Shared Identity (Teamwork) LV: You and an ally can swap identities. Teamwork feats are mostly useless, but for shits and grins it’s entirely legal to take this on a Mounted Fury, allowing you and your horse to pretend to be each other.

Shifting Weakness LVV: For the Symbiotic Slayer, once per week you can change your symbiote’s weakness. If you know you’re going to be going up against a lot of energy types over the course of the campaign and they’re all going to be concentrated such that you’ll see them coming from at least a week away, then this is an excellent feat. You’ll notice how that’s almost never gonna happen. If it’s that big of a concern for you take Dampen Weakness instead.

Signature Talent LV: Pick a talent, and you can take that talent two levels earlier than you normally could, you’re treated as two levels higher for its effects, and you get a bunch of +1s. Good for some talents, especially ones that have a very small number of uses per day since it gives you more, but mediocre otherwise.

Sniper Bolts LVV: For Warlocks, your mystic bolts gain a scaling bonus to range. Range is cool, so you’re welcome to pick this up if you have feats to spare, but it’s not a priority.

Splash Sniper LVV: You can hidden strike with a splash weapon, which is… super niche and I don’t really see a point in doing so?

Vigilante Savant/Casting Savant LV: You gain an extra talent. If you take Casting Savant, you use your full level to determine if you qualify, as a way of making up for losing half your talents to spellcasting. If you take the regular version, you need to be higher level and treat your level as half for qualifying. Unlike Greater Masked Identity, this has no feat tax to it, and there are plenty of talents regardless of situation that are either multiple bonus feats or bonus feat+, so take this in place of whatever feat you wanted to get.

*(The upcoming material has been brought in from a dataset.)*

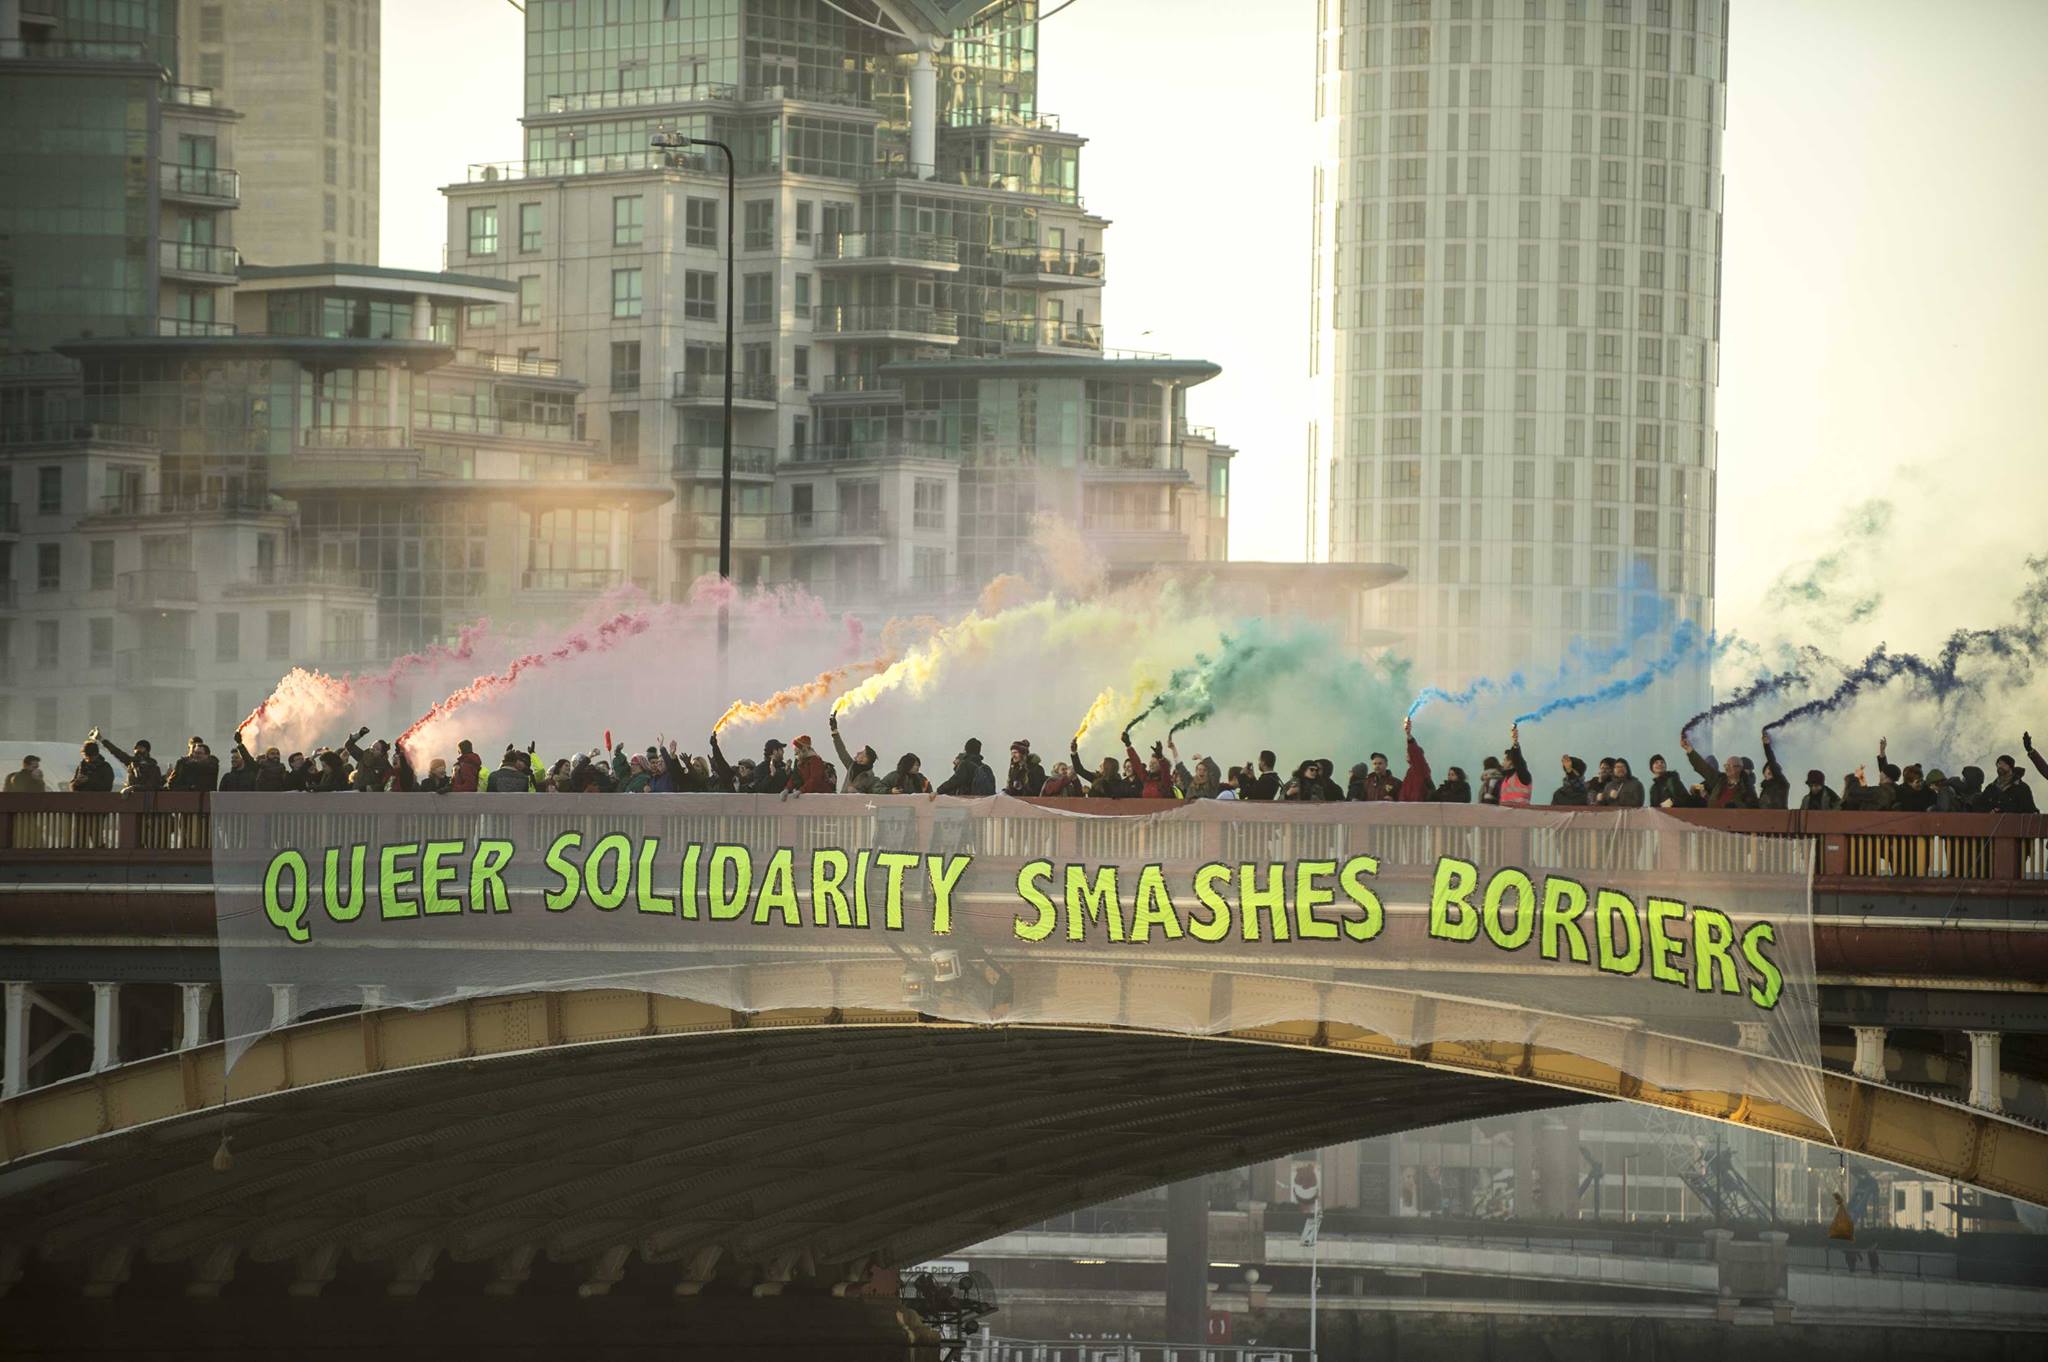 Menschenmenge auf einer Brücke mit Rauchfackeln in Regenbogenfarben, auf der Brücke hängt ein großes Transparent mit dem Text 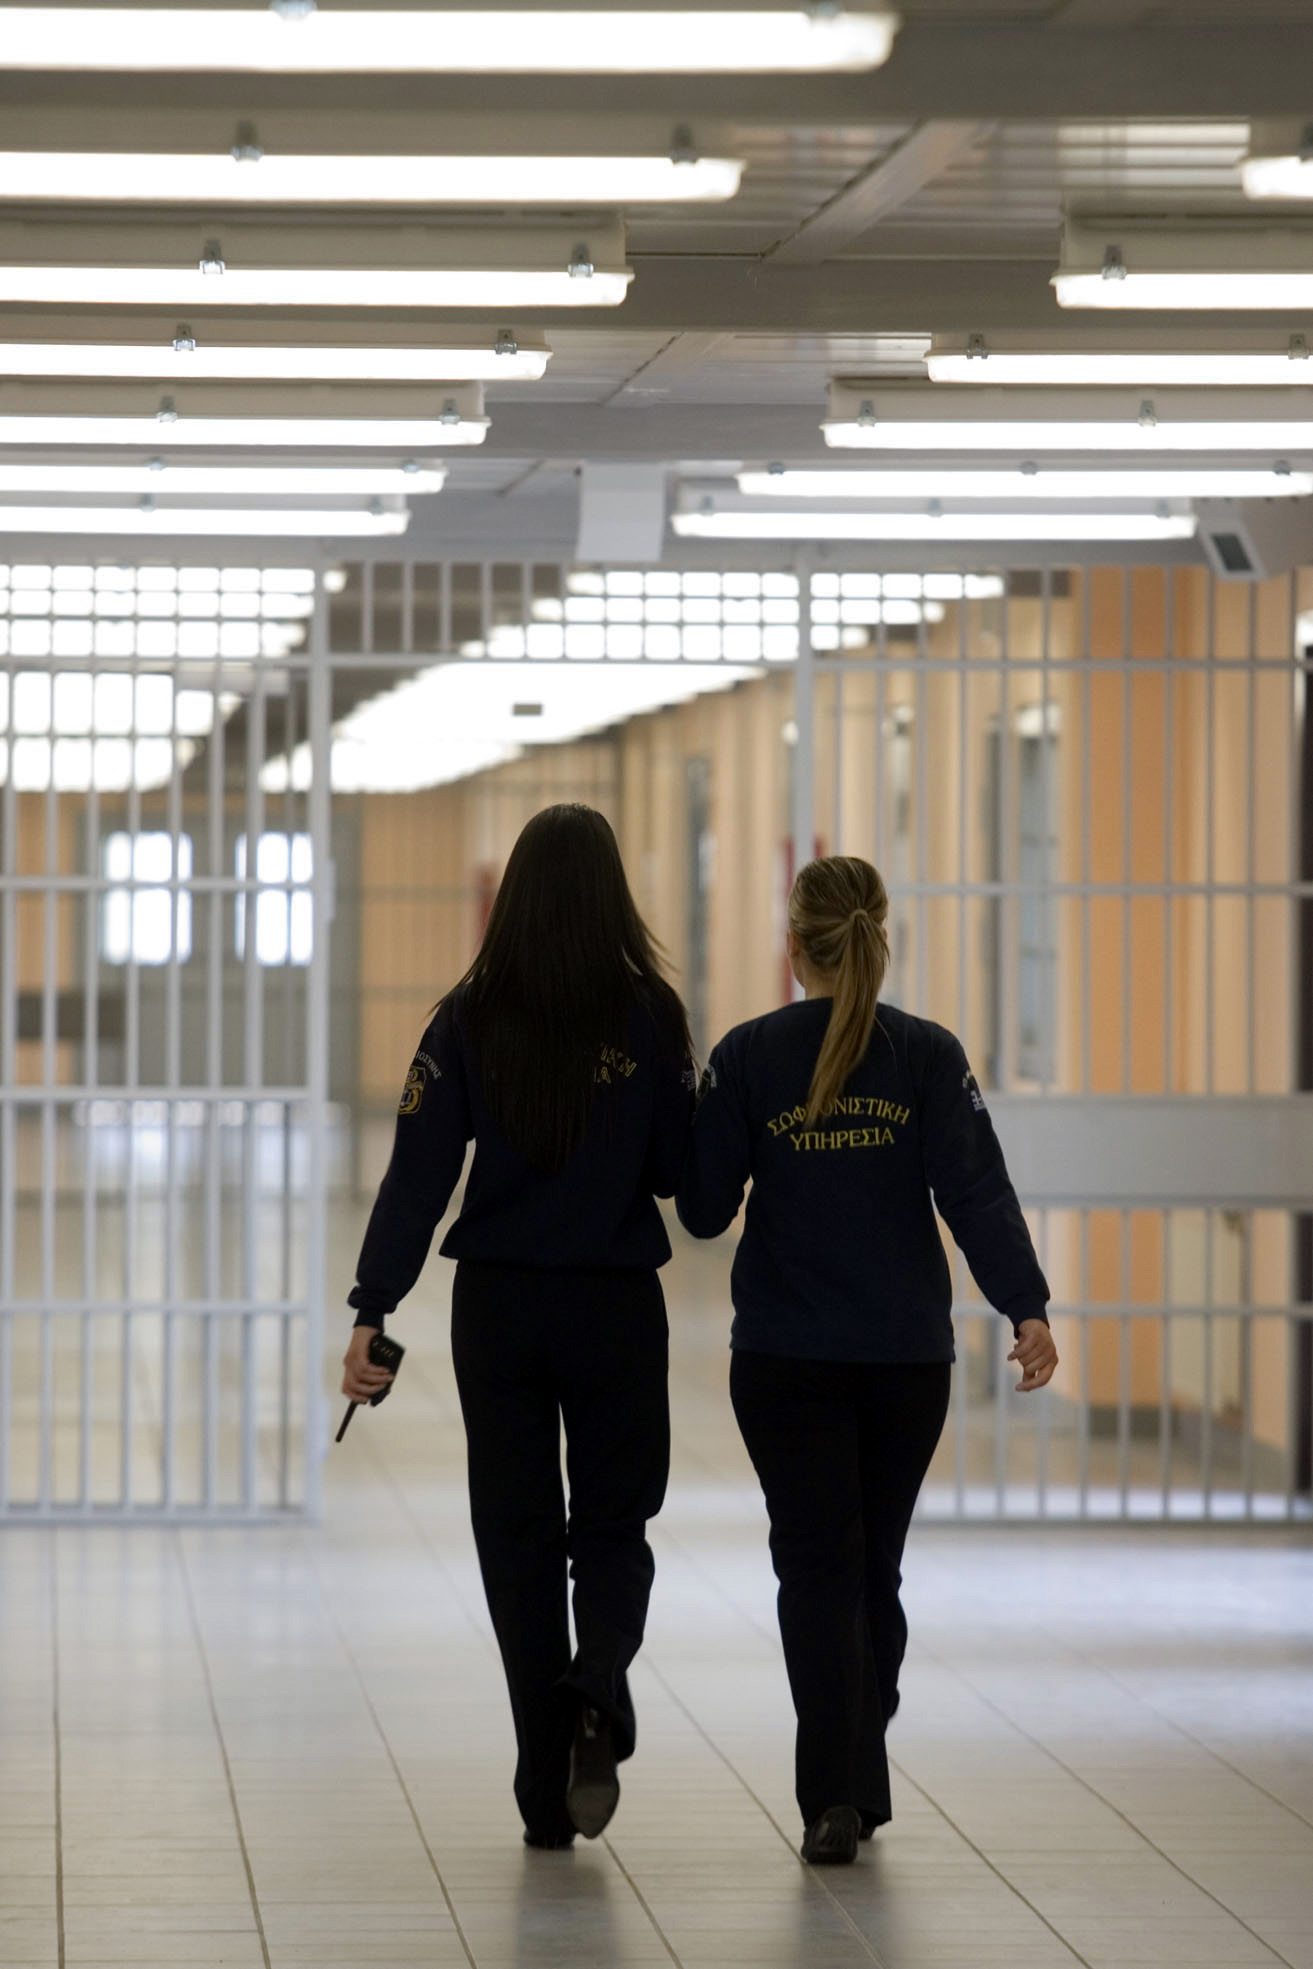 Οι γυναικείες φυλακές της Θήβας - ΦΩΤΟ EUROKINISSI

Violent Child LVV: As a magical child, you get to add a magus spell to your spell list, although you still have to learn it normally. I recommend Bladed Dash or its greater equivalent, or something else that isn’t pretty much reliant on your nonexistent spellstrike and spell combat class features to work for a gish.

Wise Vigilante LVV: Genius Vigilante, but for Wisdom. Zealot likes this because they get a Wisdom based smite now. Other people probably don’t care so much, making it a flavor/”oh god we have no one with Wisdom” pick.

My Final Request

I am not perfect. I know, I know, this is shocking to you all, but I freely admit that I have my faults. Most of this guide was my own perspective, and I’m fairly certain that there was a degree of bias in a lot of my judgments. This guide is going up on the Paizo boards and on Reddit, so if you have any complaints, criticisms, or suggestions, I ask that you head over there, find the thread, and let me know. Any feedback I get and incorporate will be properly credited. If you don’t want to make it public, or have any questions you’d like to ask me directly, you can also email me at Nathan.reinecke12@gmail.com, and I’ll be happy to answer or respond through there too.

I also would like to thank you for reading this guide. I’m extremely fond of the vigilante and have been since playtesting, so being able to write this guide for the community has been a pleasure and a treat. If you found it helpful, or at least enjoyed my extremely unprofessional writing style, then I’m happy to have been of service.